From the magazine Tanya Gold

Bagels that even New York can’t beat: Panzer’s Delicatessen reviewed

Tanya Gold
 Giles Christopher Photography
EXPLORE THE ISSUE 08 November 2025
issue 08 November 2025

That Panzer’s Delicatessen in St John’s Wood is called Panzer’s – for the instrument of Blitzkrieg – is mad, until you remember that Jews love to eat near catastrophe, and then it is merely funny. I love Panzer’s so much I am reluctant to share it, but we need all the friends we can get. I keep telling non-Jewish friends: when we burn, you will burn with us. Though I mean it as consolation, they tend to run.

St John’s Wood has always existed on the edge of hysteria. Edwardian psychopaths put their mistresses here, and I once went to a children’s birthday party where Peppa Pig couldn’t park, and there was a fight with recriminations. The high street sells corsetry and facial reconstruction.

I have never had bagels this good, not even in New York City

I remember Panzer’s as a greengrocer that sold challah (bread plaited like hair, because who cares?) but it has, in what liberal newspapers call End Days Capitalism, upgraded itself to café, takeout joint and seller of hampers: that is, it is the Jewish Fortnum & Mason, and its glassy eyes overlook the remnants of a library. It is 80 years old, fabulously clean and it seethes with rage.

‘Why are you staring at me?’ a woman shouts, as I move aside due to a bottleneck caused by an olive oil demonstration and babies. ‘I am being polite!’ I shout back. This is not abnormal. Rather, I am home.

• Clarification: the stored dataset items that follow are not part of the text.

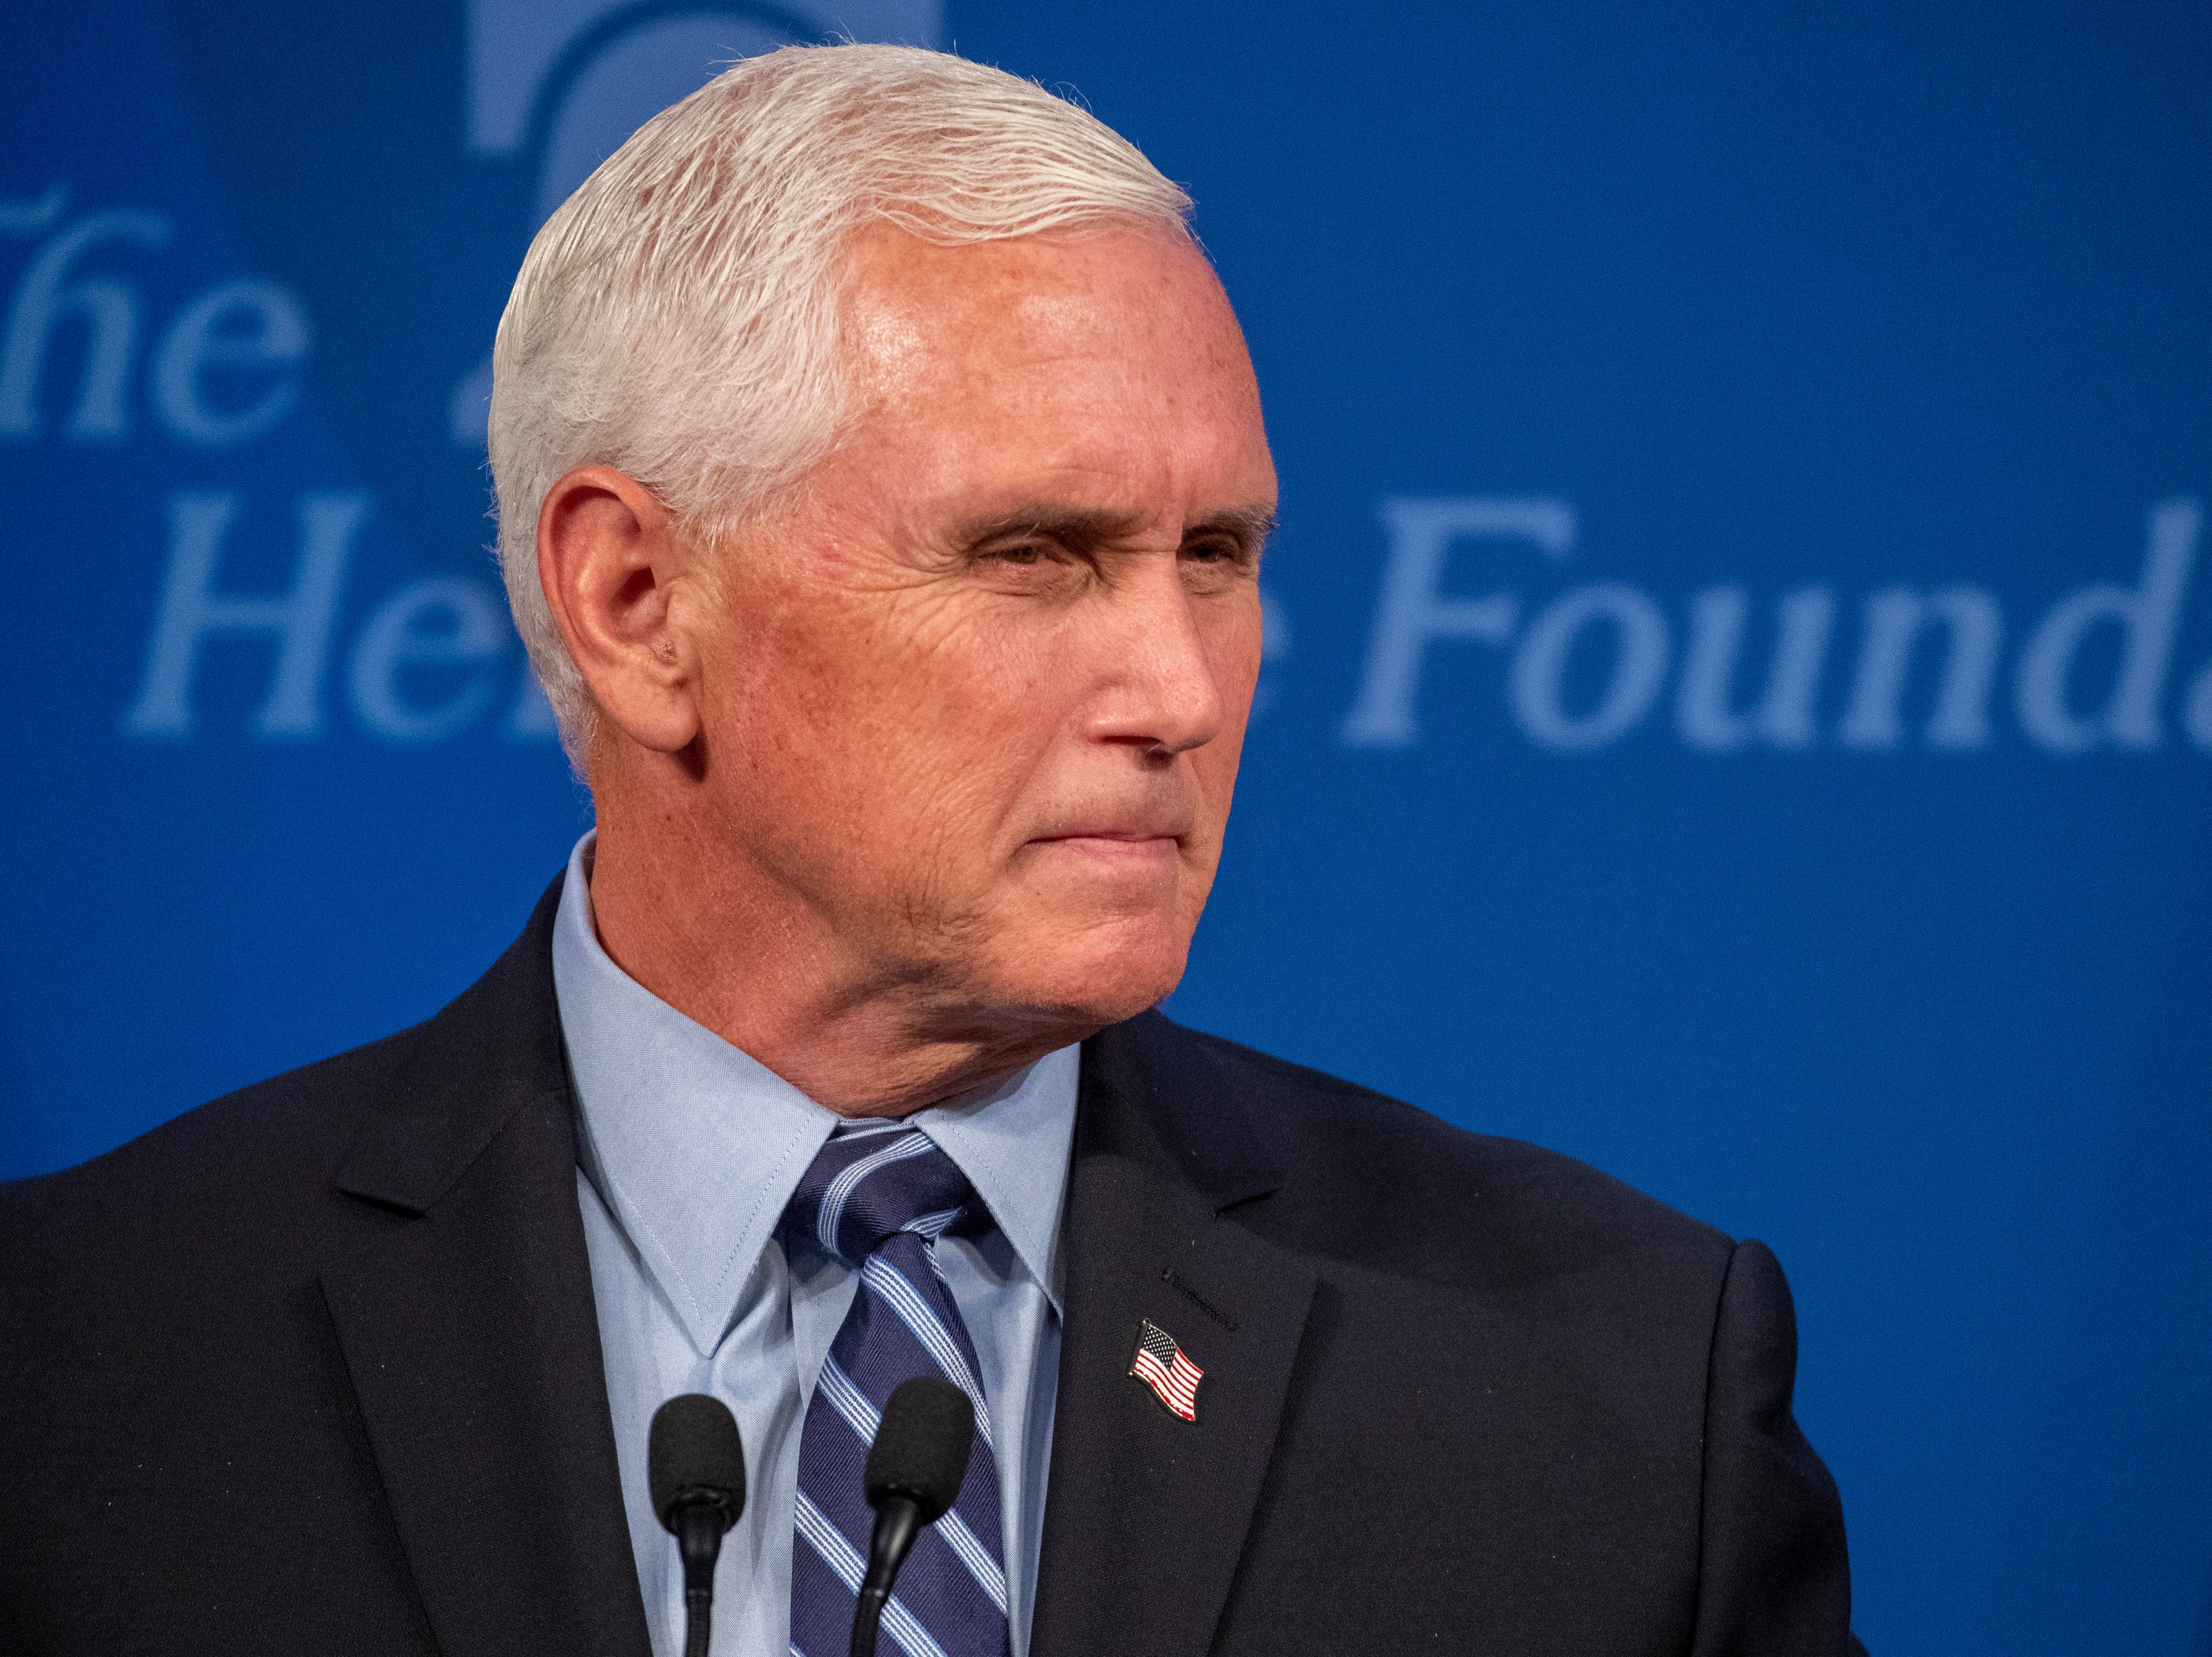 Former US Vice President Mike Pence delivers a China policy speech at The Heritage Foundation, a conservative think tank, in Washington, DC, USA, 14 July 2021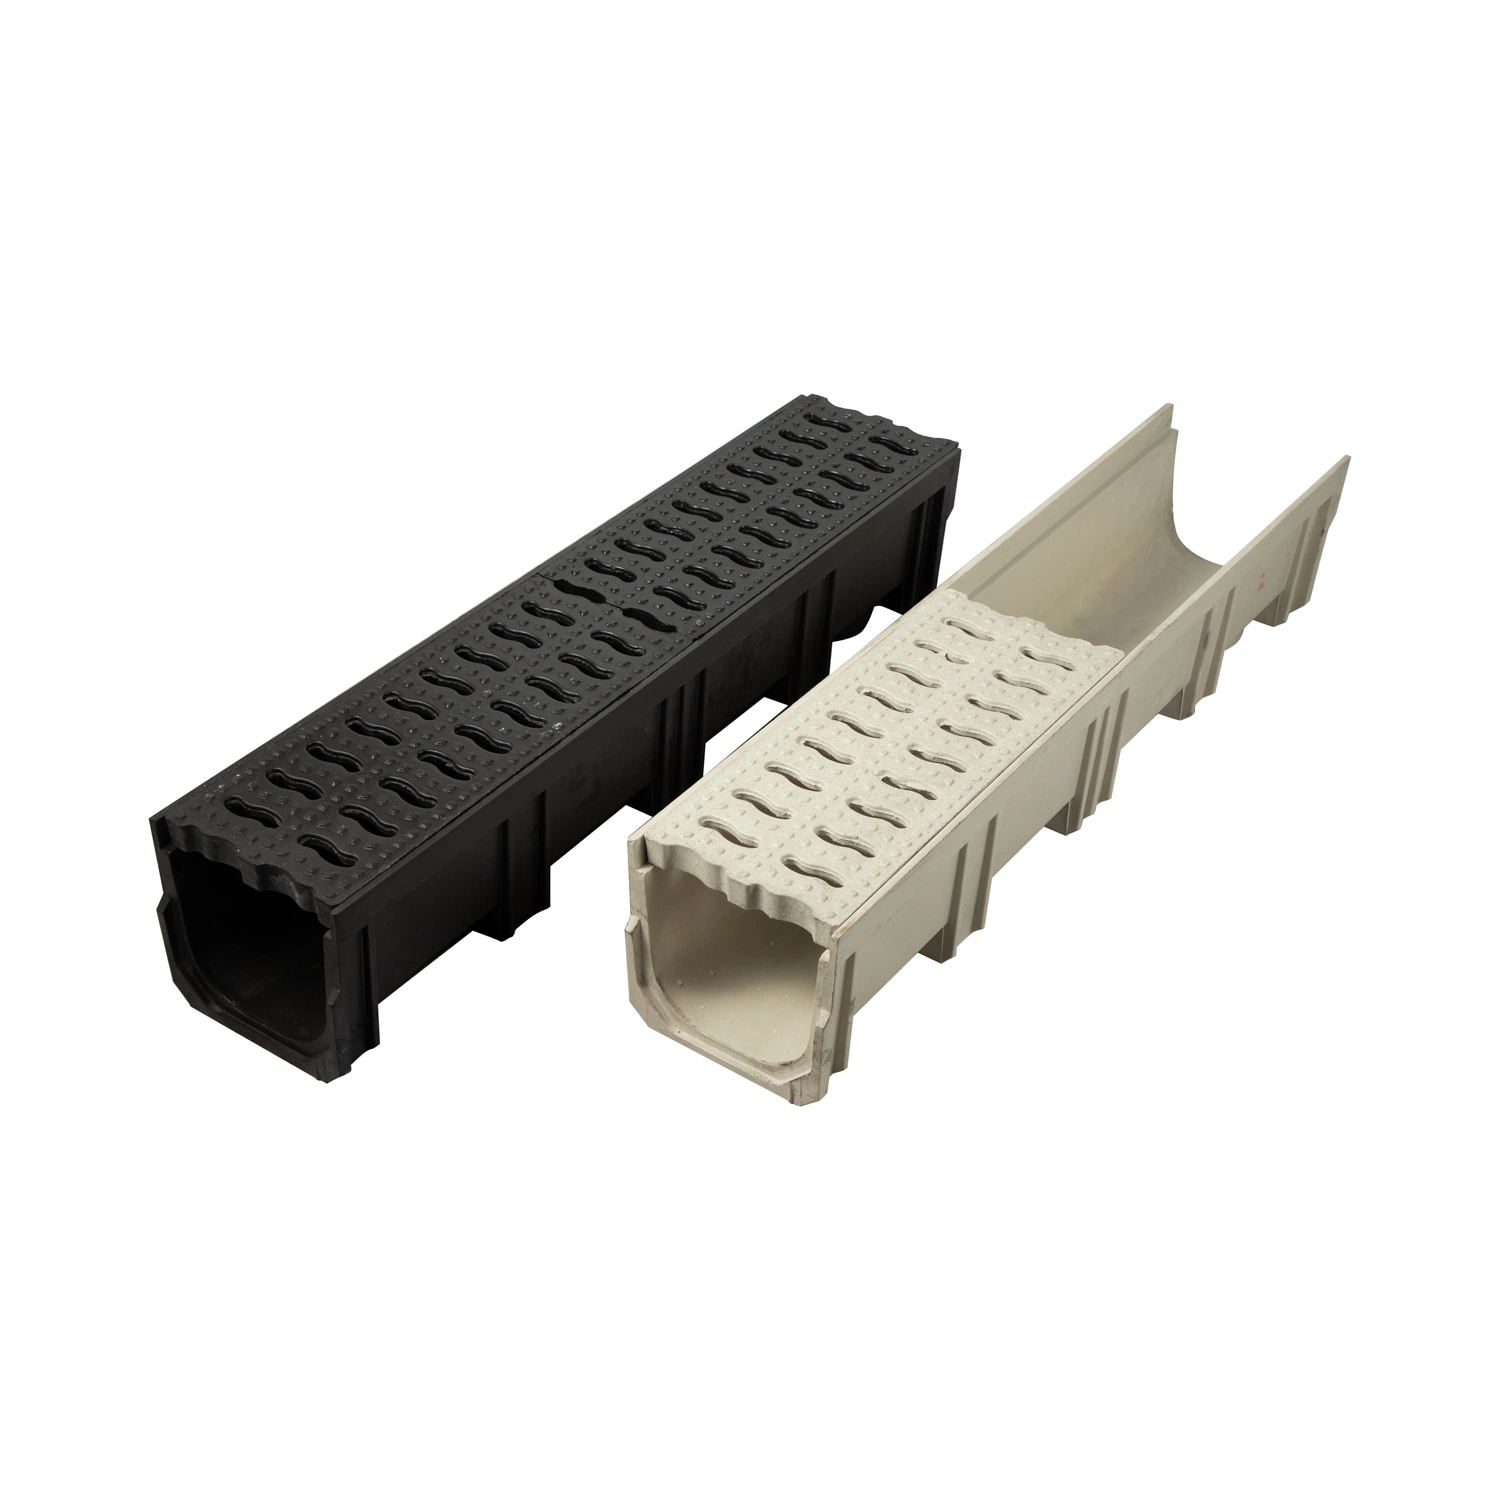 Best Selling Drainage Channel Plastic SMC Sewer Water Drainage Driveway Drainage Gutter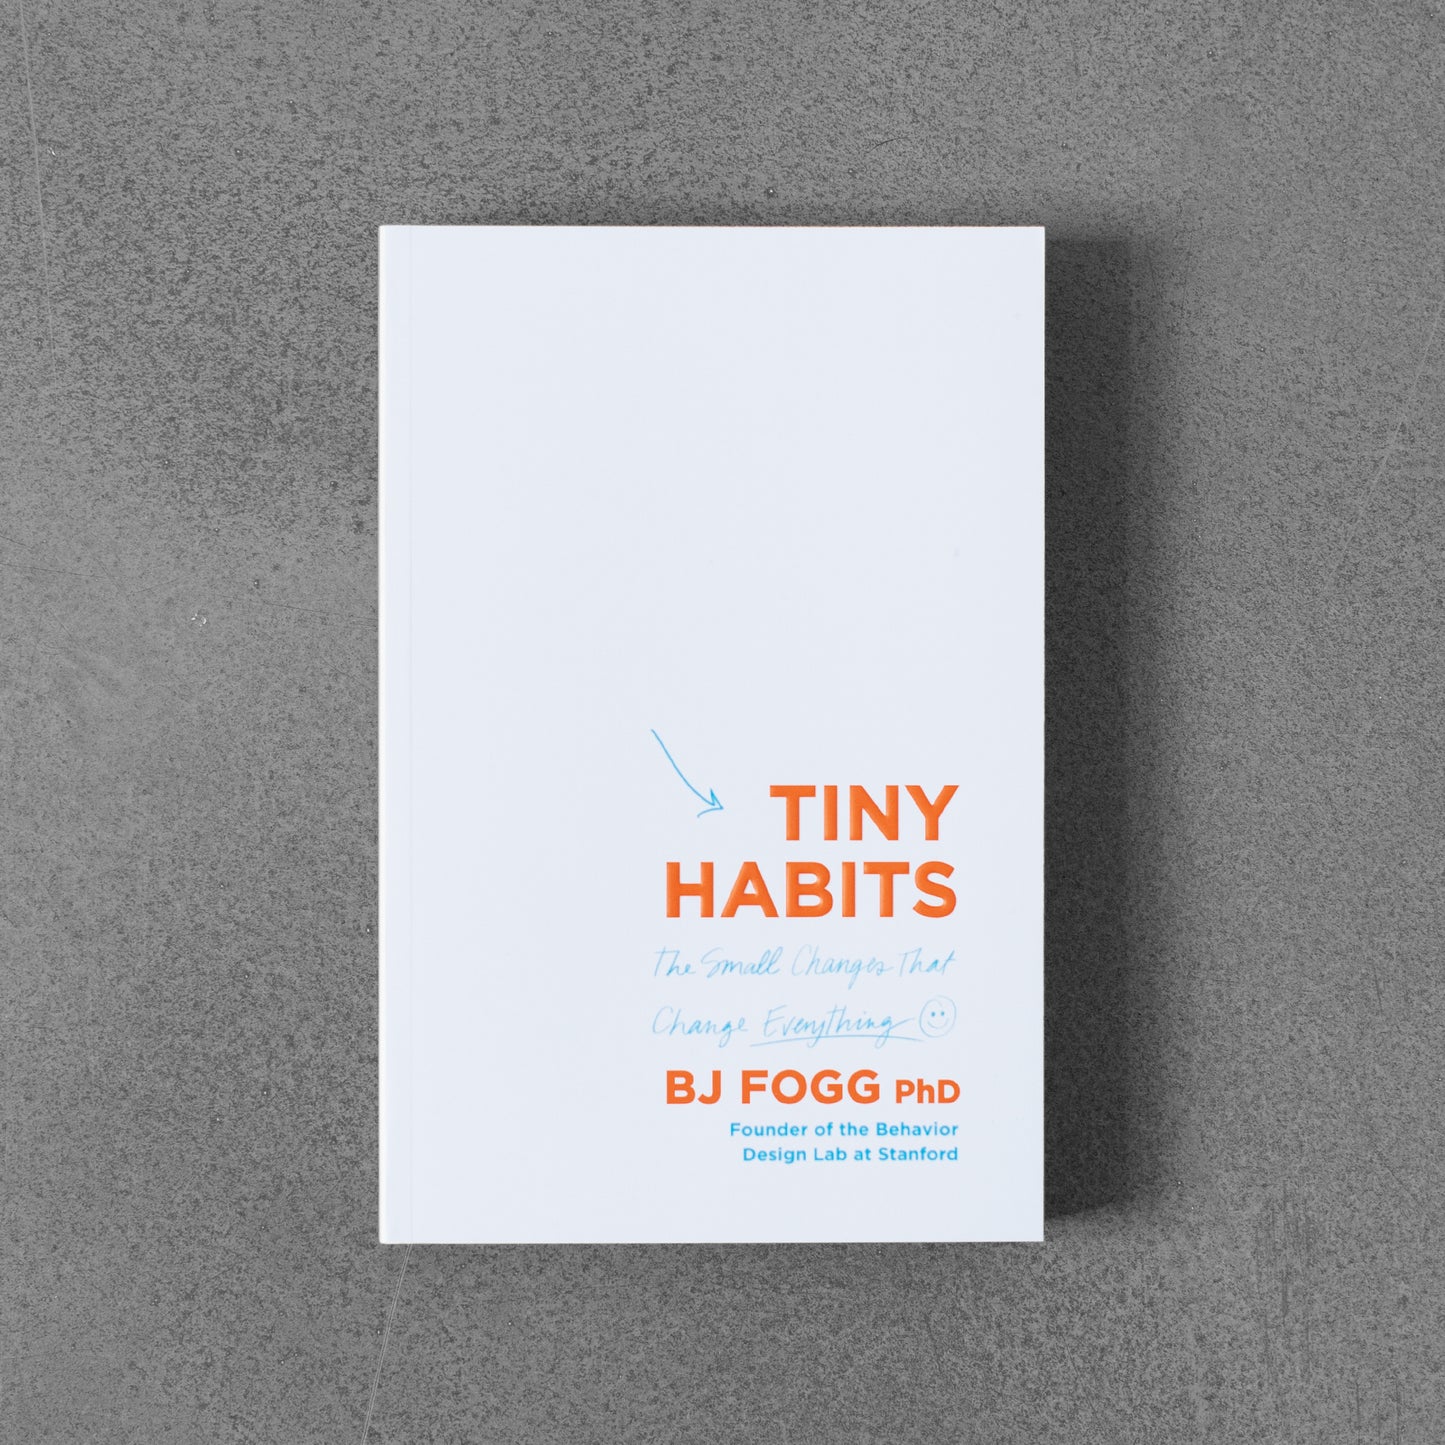 Tiny Habits: The Small Changes that Change Everything - BJ Fogg PhD.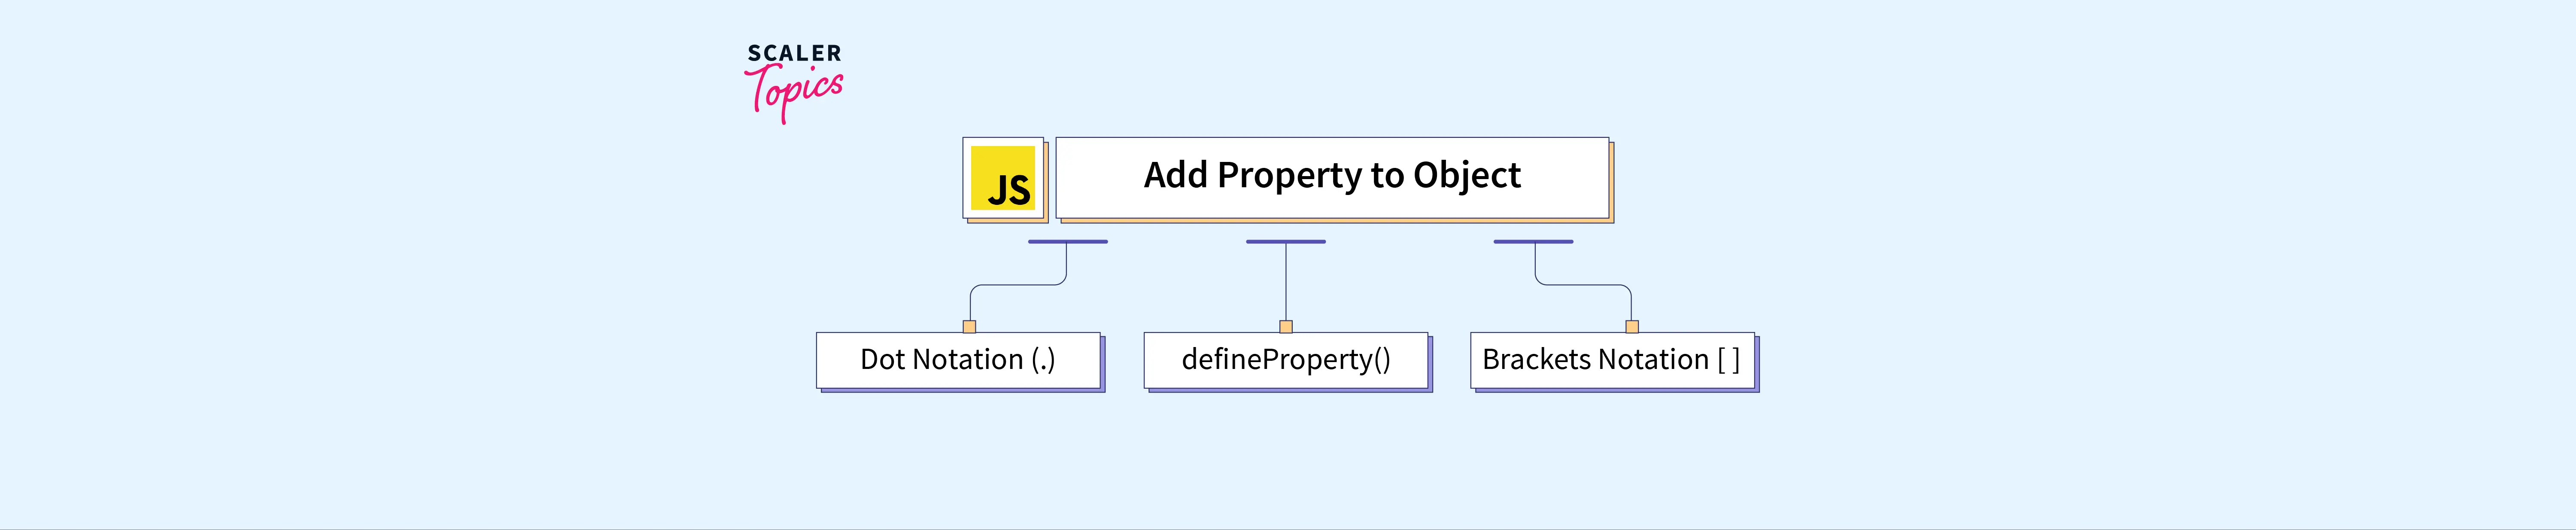 assign property to object

First, the bagel counter. I have never had bagels this good, not even in New York City. I have the smoked salmon and cream cheese bagel, and it does everything a smoked salmon and cream cheese bagel can, and should, do: and some things it shouldn’t. It was overfilled, as good bagels are, and it falls to the ground as I eat it, but even thinking about it makes me feel like a wild animal. Get bagels nowhere else, and don’t forget the onion. Get them on Sundays, and pretend you live inside a colour magazine supplement. There are worse lives.

The café is outdoors: it is manned by someone impersonating a psychiatric nurse. Of course I wonder: when will you crack? Now? The portions are vast: the food (chicken schnitzel; hamburger) is too generic for Jewish food, but this is St John’s Wood, not Poland or Finchley, and it isn’t Jewish food. It is brasserie food, and it is fine.

The delight, though, is the grocer’s: rows of prepared meals lit like Judy Garland. But kosher! And alive! (At least for things that are, by definition, dead.) The honey cake has a density – a fury – no sponge cake has a right to. The Panzer’s mini-roll – it is not called that – is a maxi-roll. It could eat itself.

My complaint is the same complaint that I have about Nobody Wants This, the Netflix romance between a ‘hot rabbi’ who isn’t hot and a non-Jewish woman who looks like an elf. (Season two is here: this whining is topical.)

People dislike Nobody Wants This because it is a collection of stereotypes, and it is, but I don’t mind the stereotypes, which are largely true. (I mind the guns.) Rather, Nobody Wants This is lacking in Jewish intellect and identity – it makes Jews sound like a curiosity, monied Hobbits or Druids, but angry – and I make the same complaint of Panzer’s. Even if it is a deli. Katz’s in New York City is heftier, but we are British Jews, and our deli sells A Taste Of Luxury This Christmas, and there it is.

Panzer’s Delicatessen, 13-19 Circus Road, London NW8; 020 7722 8162.